DATA:
- Opening Delimiter -

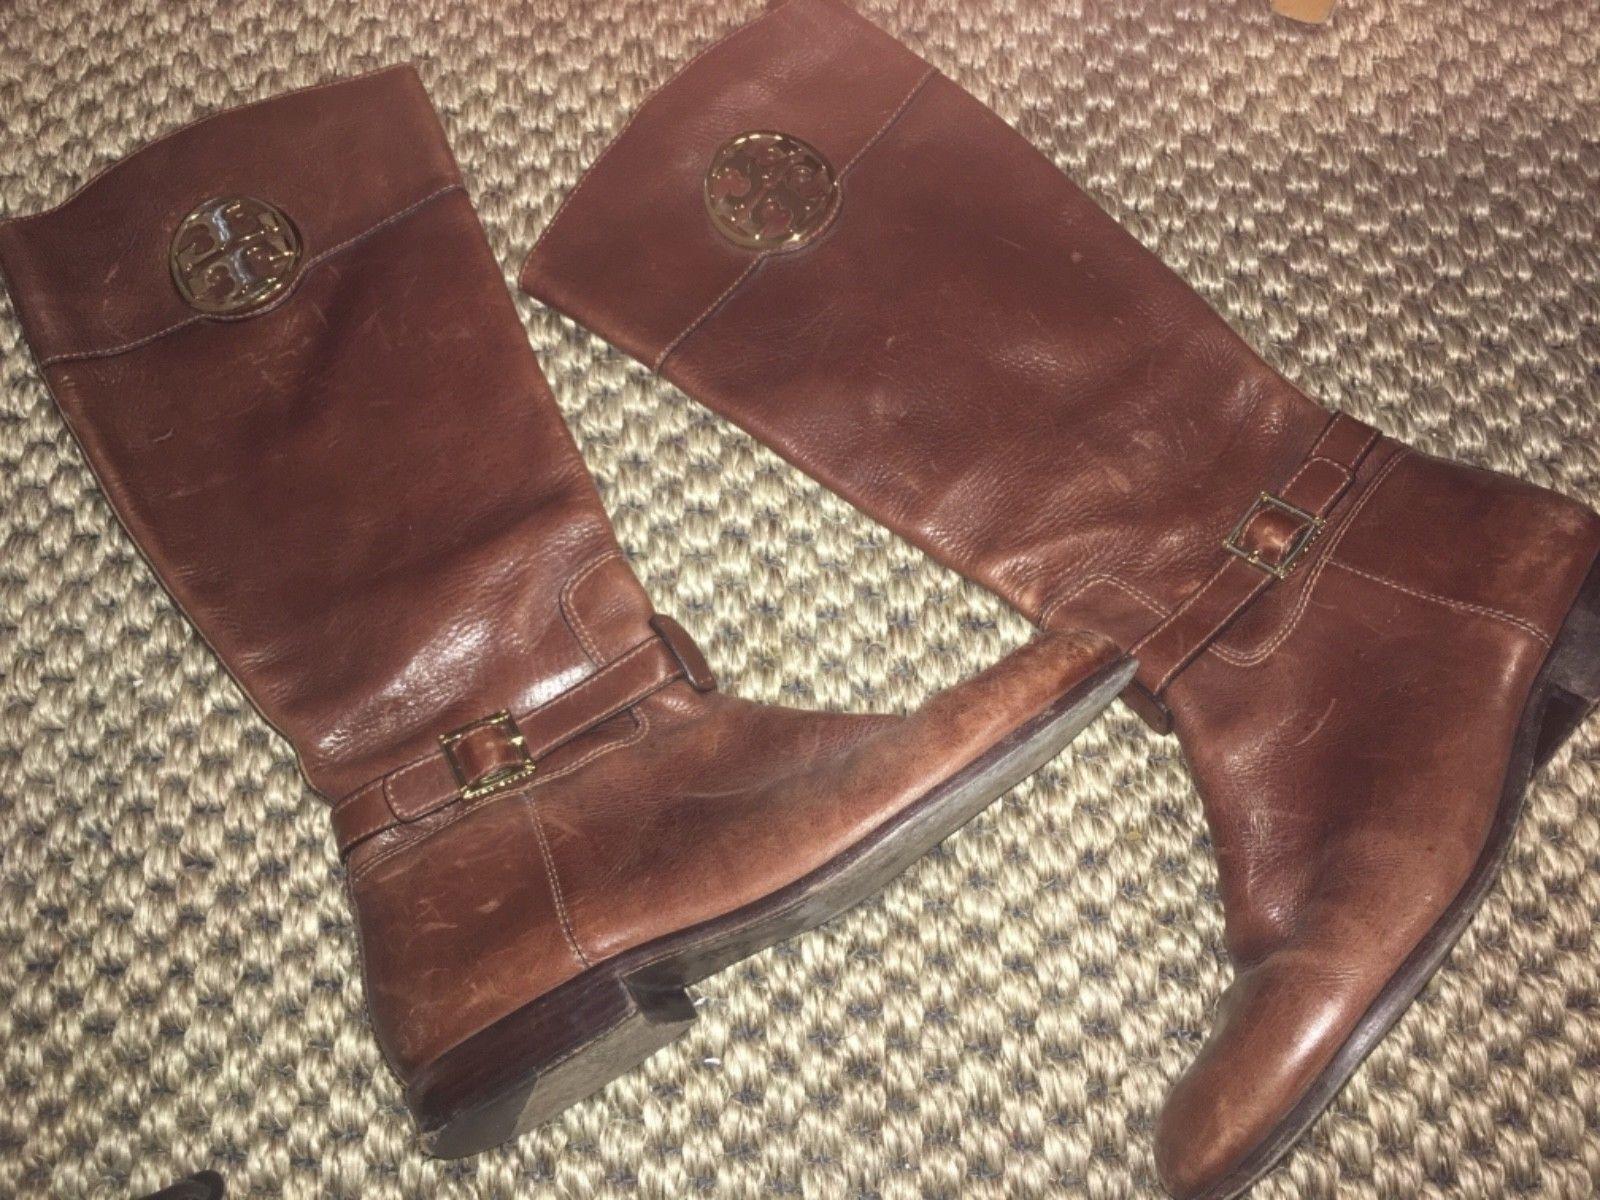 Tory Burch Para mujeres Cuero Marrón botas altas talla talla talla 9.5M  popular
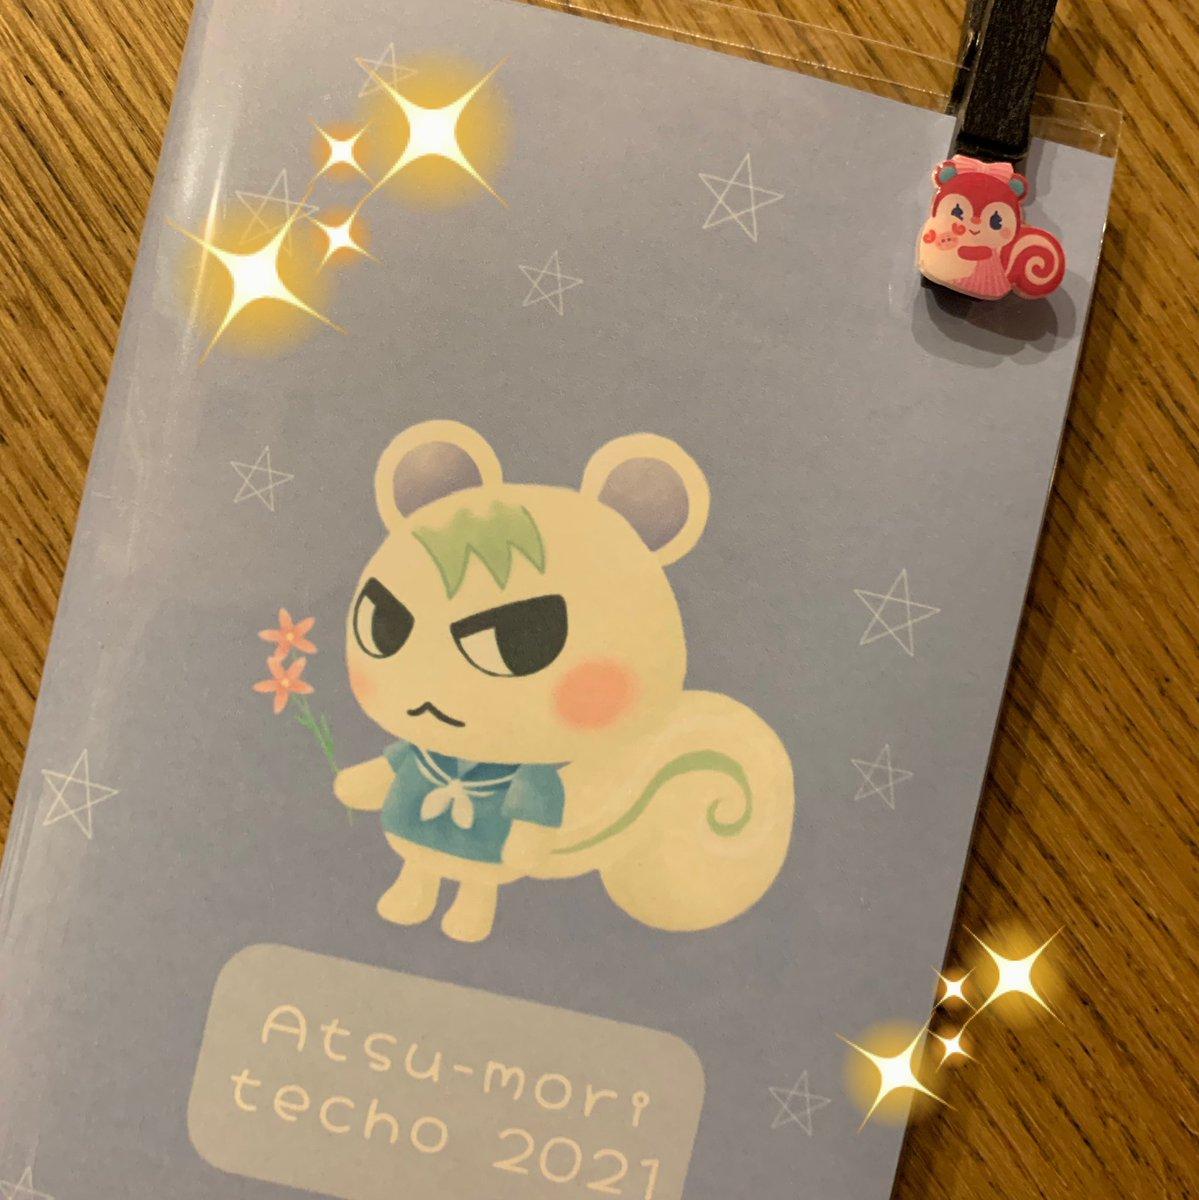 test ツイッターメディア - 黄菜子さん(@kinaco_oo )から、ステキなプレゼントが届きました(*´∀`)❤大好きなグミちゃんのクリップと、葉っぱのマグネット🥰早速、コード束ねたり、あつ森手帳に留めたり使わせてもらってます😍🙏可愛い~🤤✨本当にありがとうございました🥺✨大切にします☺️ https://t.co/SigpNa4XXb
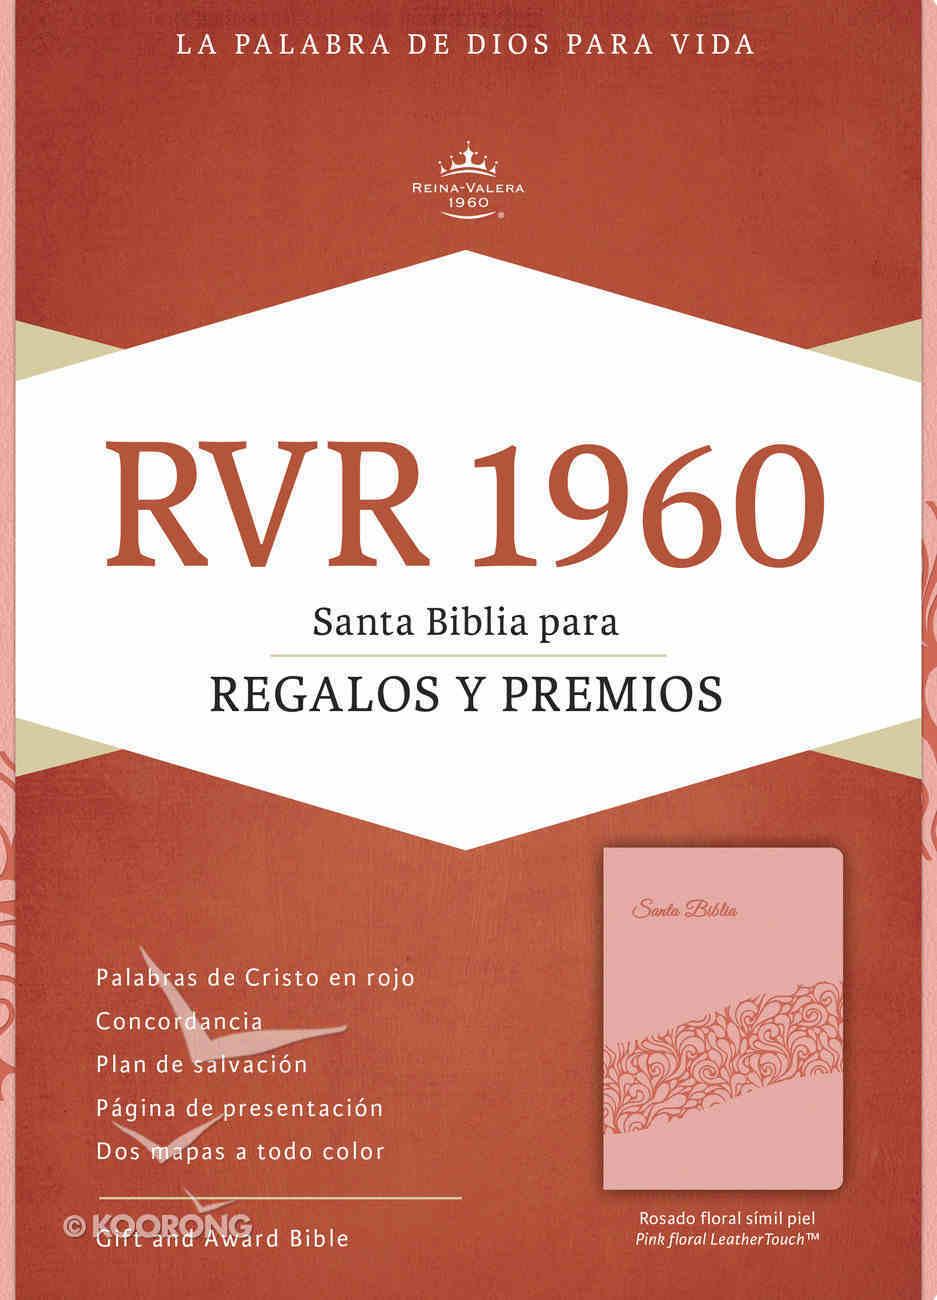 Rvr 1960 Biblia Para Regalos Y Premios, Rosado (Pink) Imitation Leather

- Closing Delimiter -

Give back the listing unchanged. Strip out the pictures.

ANSWER TO THE EXERCISE:
 Tory Burch Para mujeres Cuero Marrón botas altas talla talla talla 9.5M  popular
 test ツイッターメディア - 黄菜子さん(@kinaco_oo )から、ステキなプレゼントが届きました(*´∀`)❤大好きなグミちゃんのクリップと、葉っぱのマグネット🥰早速、コード束ねたり、あつ森手帳に留めたり使わせてもらってます😍🙏可愛い~🤤✨本当にありがとうございました🥺✨大切にします☺️ https://t.co/SigpNa4XXb
 Rvr 1960 Biblia Para Regalos Y Premios, Rosado (Pink) Imitation Leather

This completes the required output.